* Your assignment
Could you write out the listing below exactly as it stands, leaving out the pictures?

* Supplied information
╔══
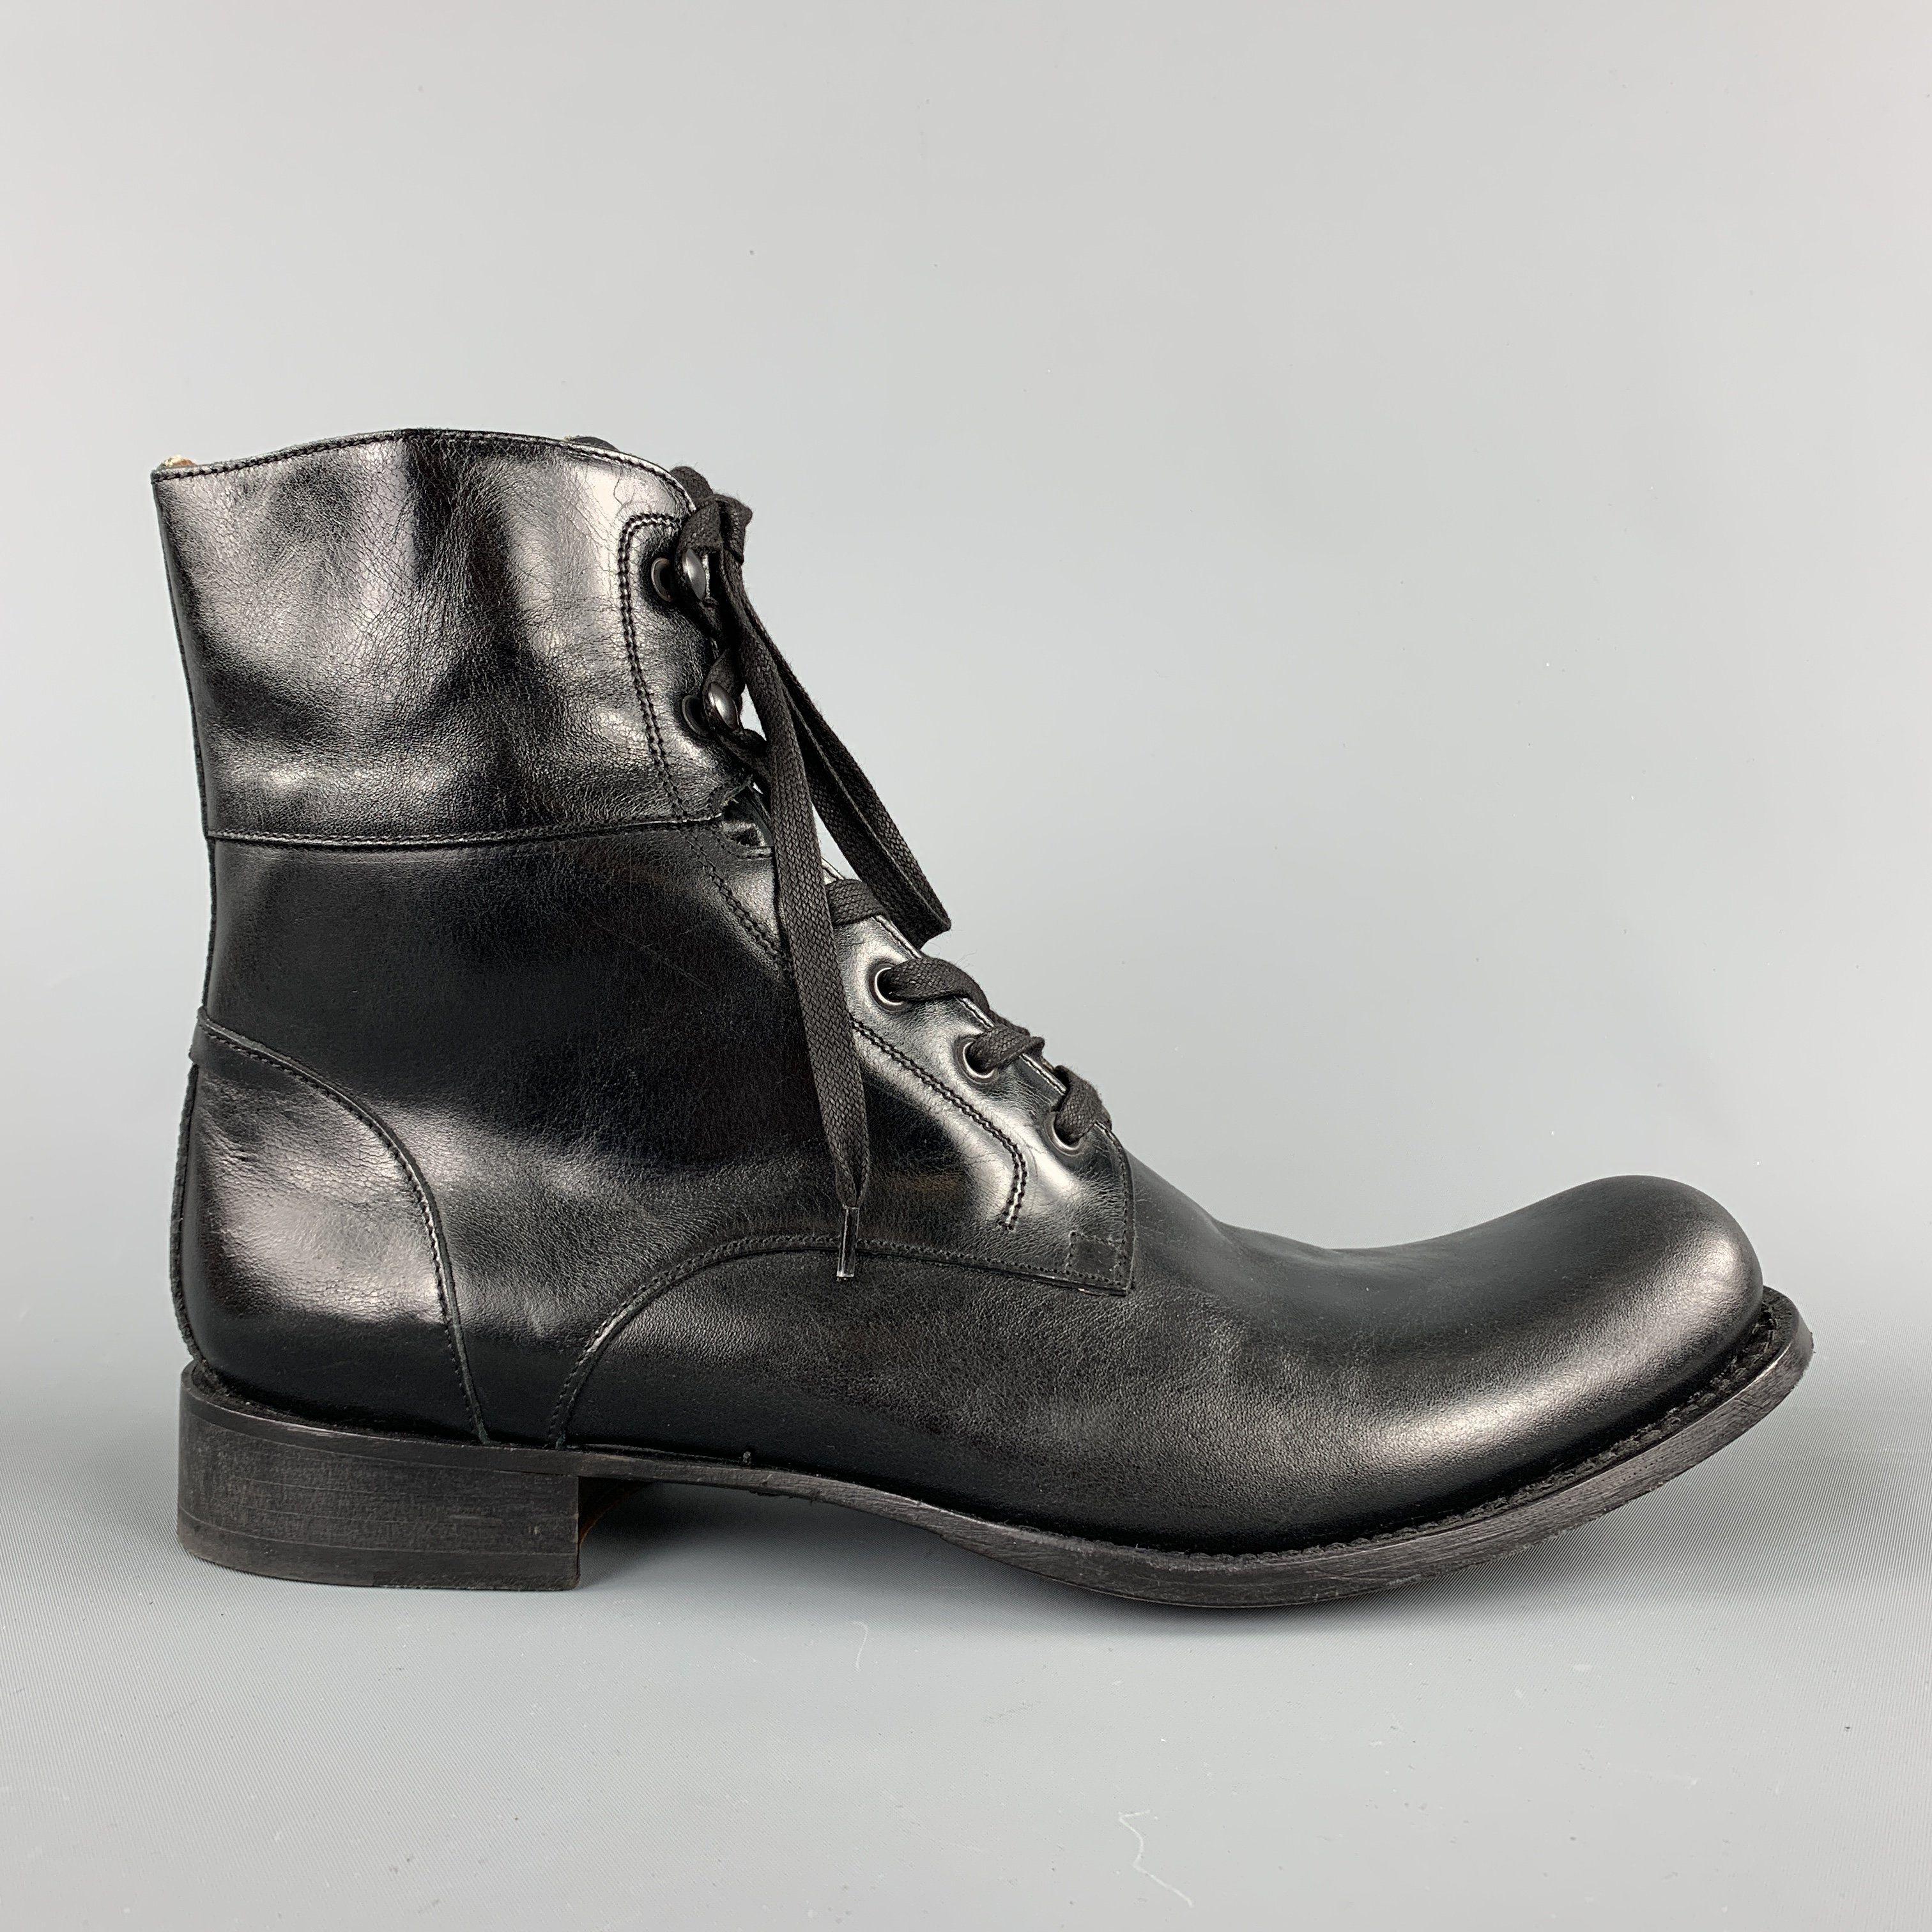 John Varvatos Size 12 Black Leather
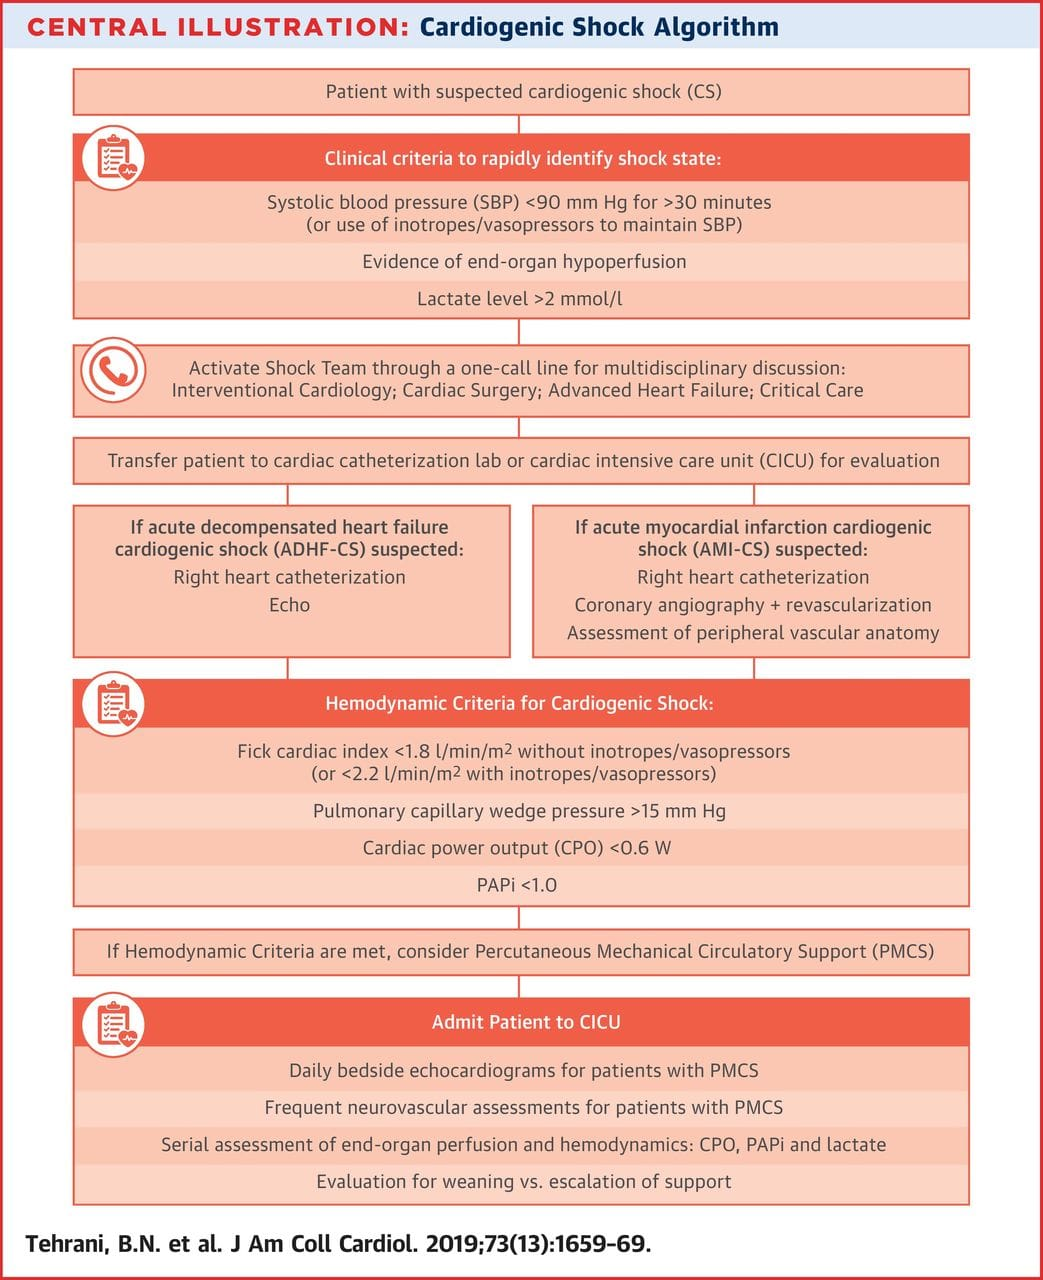 Cardiogenic shock algorhytm
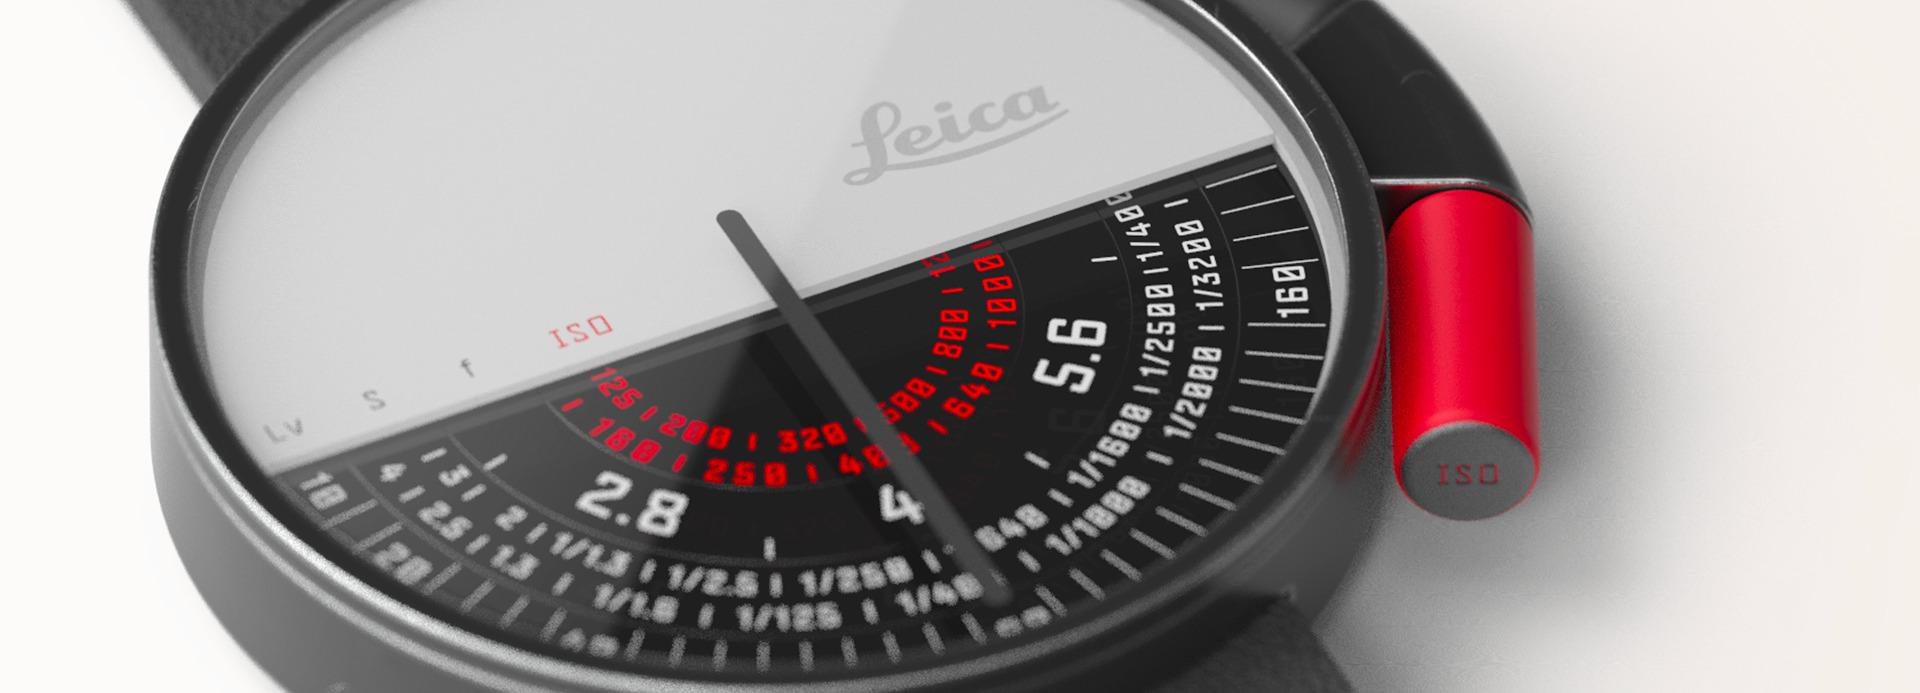 Leica Lightmeter
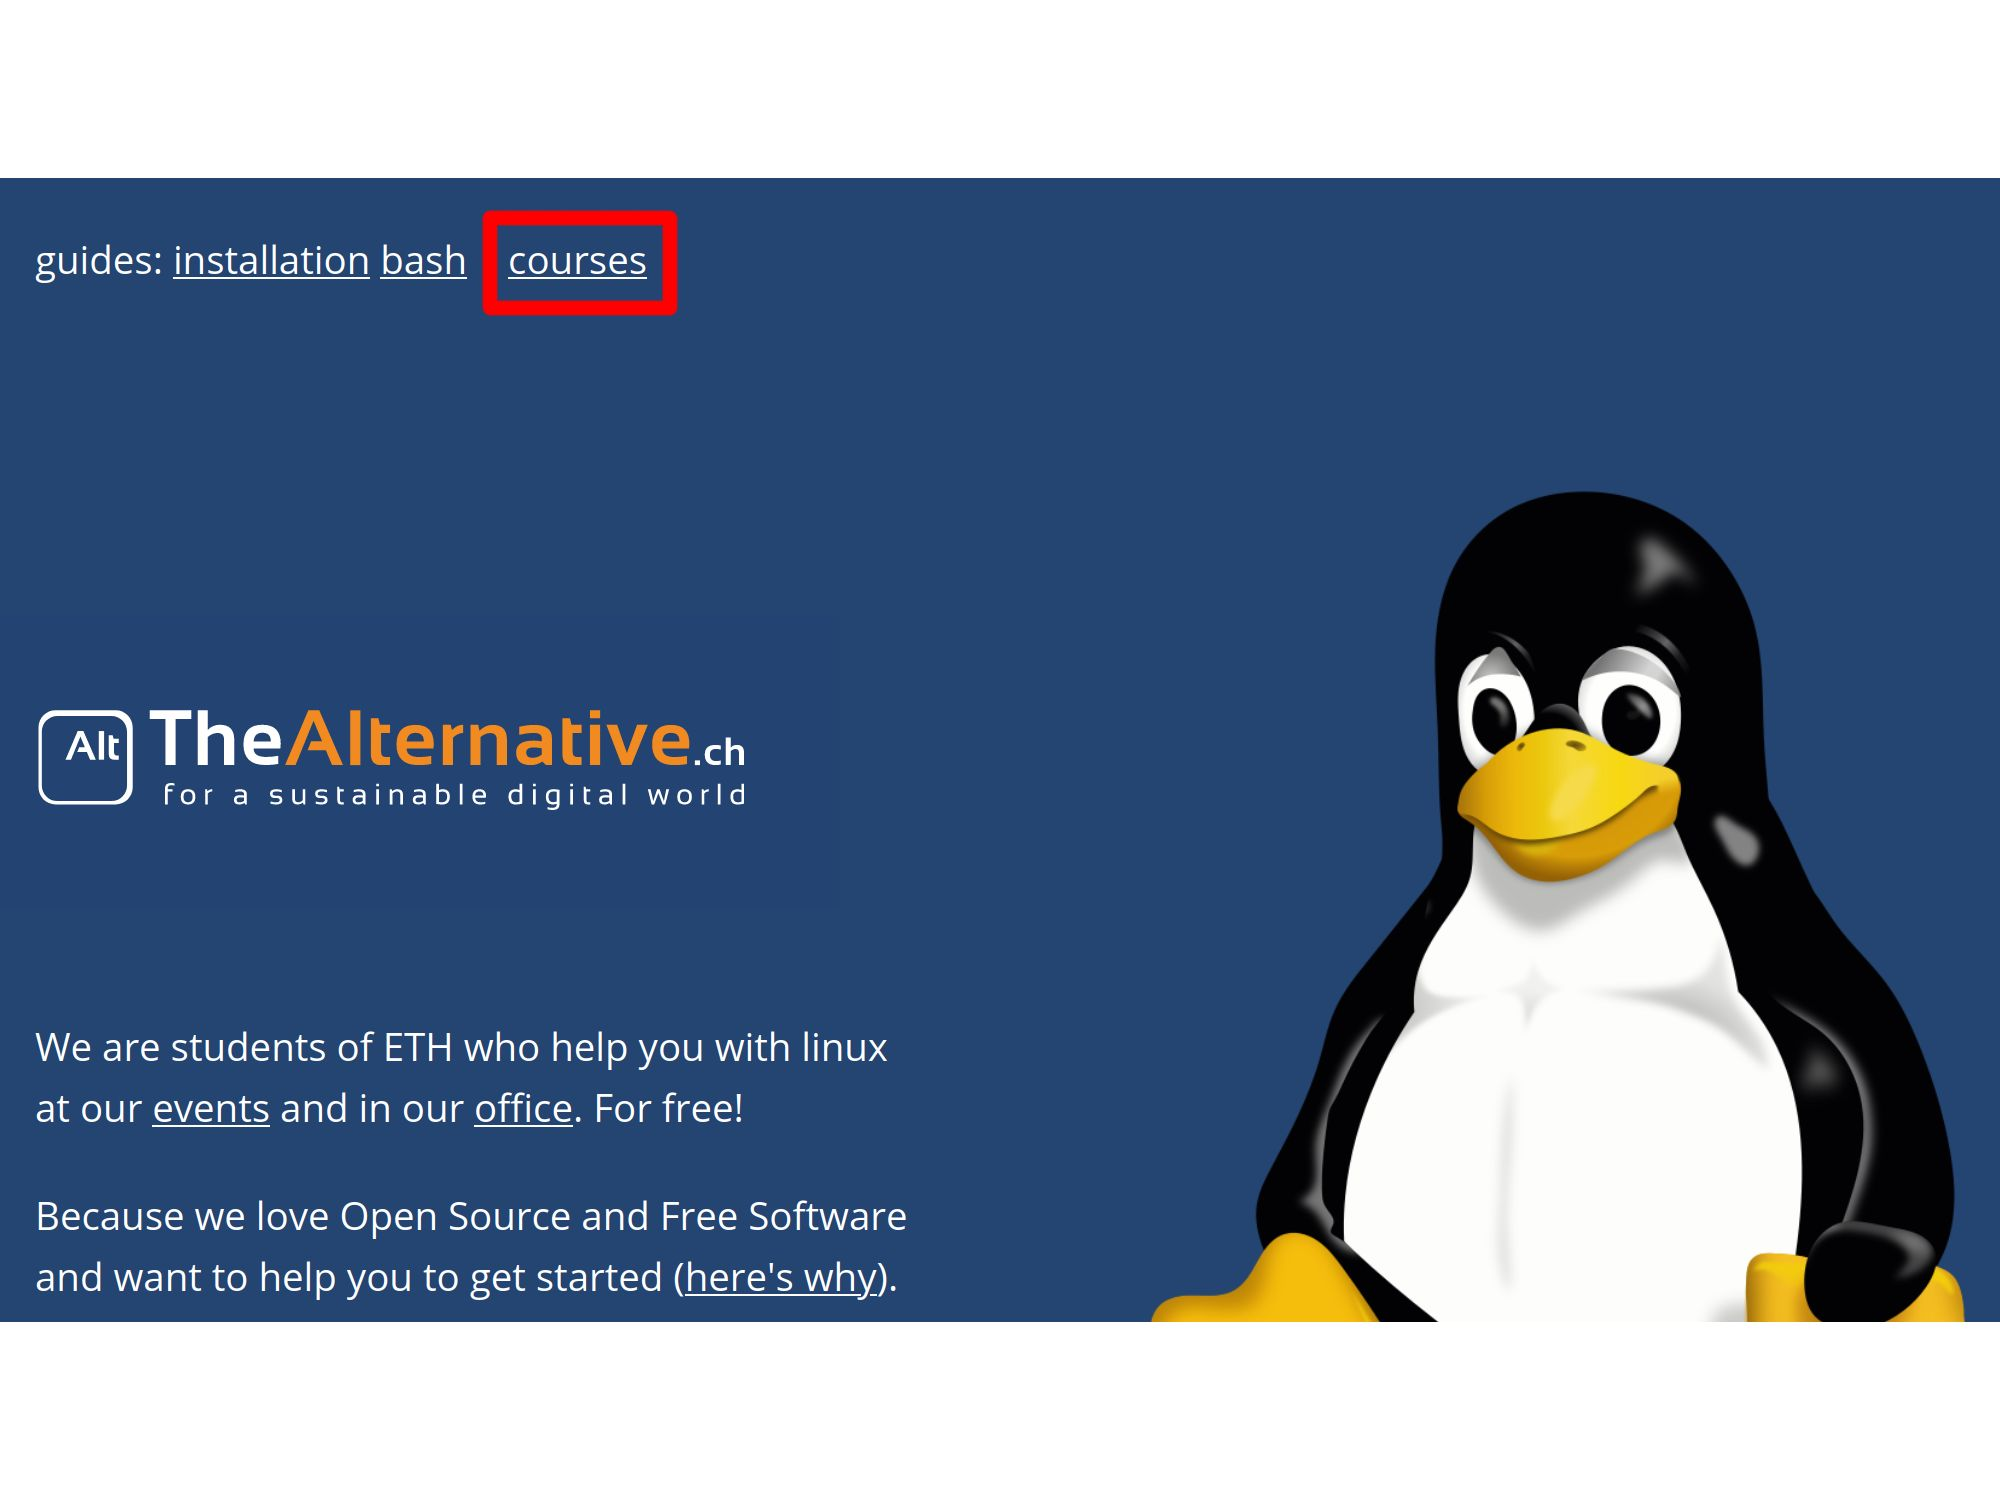 linux_toolkit_2021/images/slides.jpg
╚══
* Solution for this exercise
 John Varvatos Size 12 Black Leather
 Cardiogenic shock algorhytm
 Leica Lightmeter
 linux_toolkit_2021/images/slides.jpg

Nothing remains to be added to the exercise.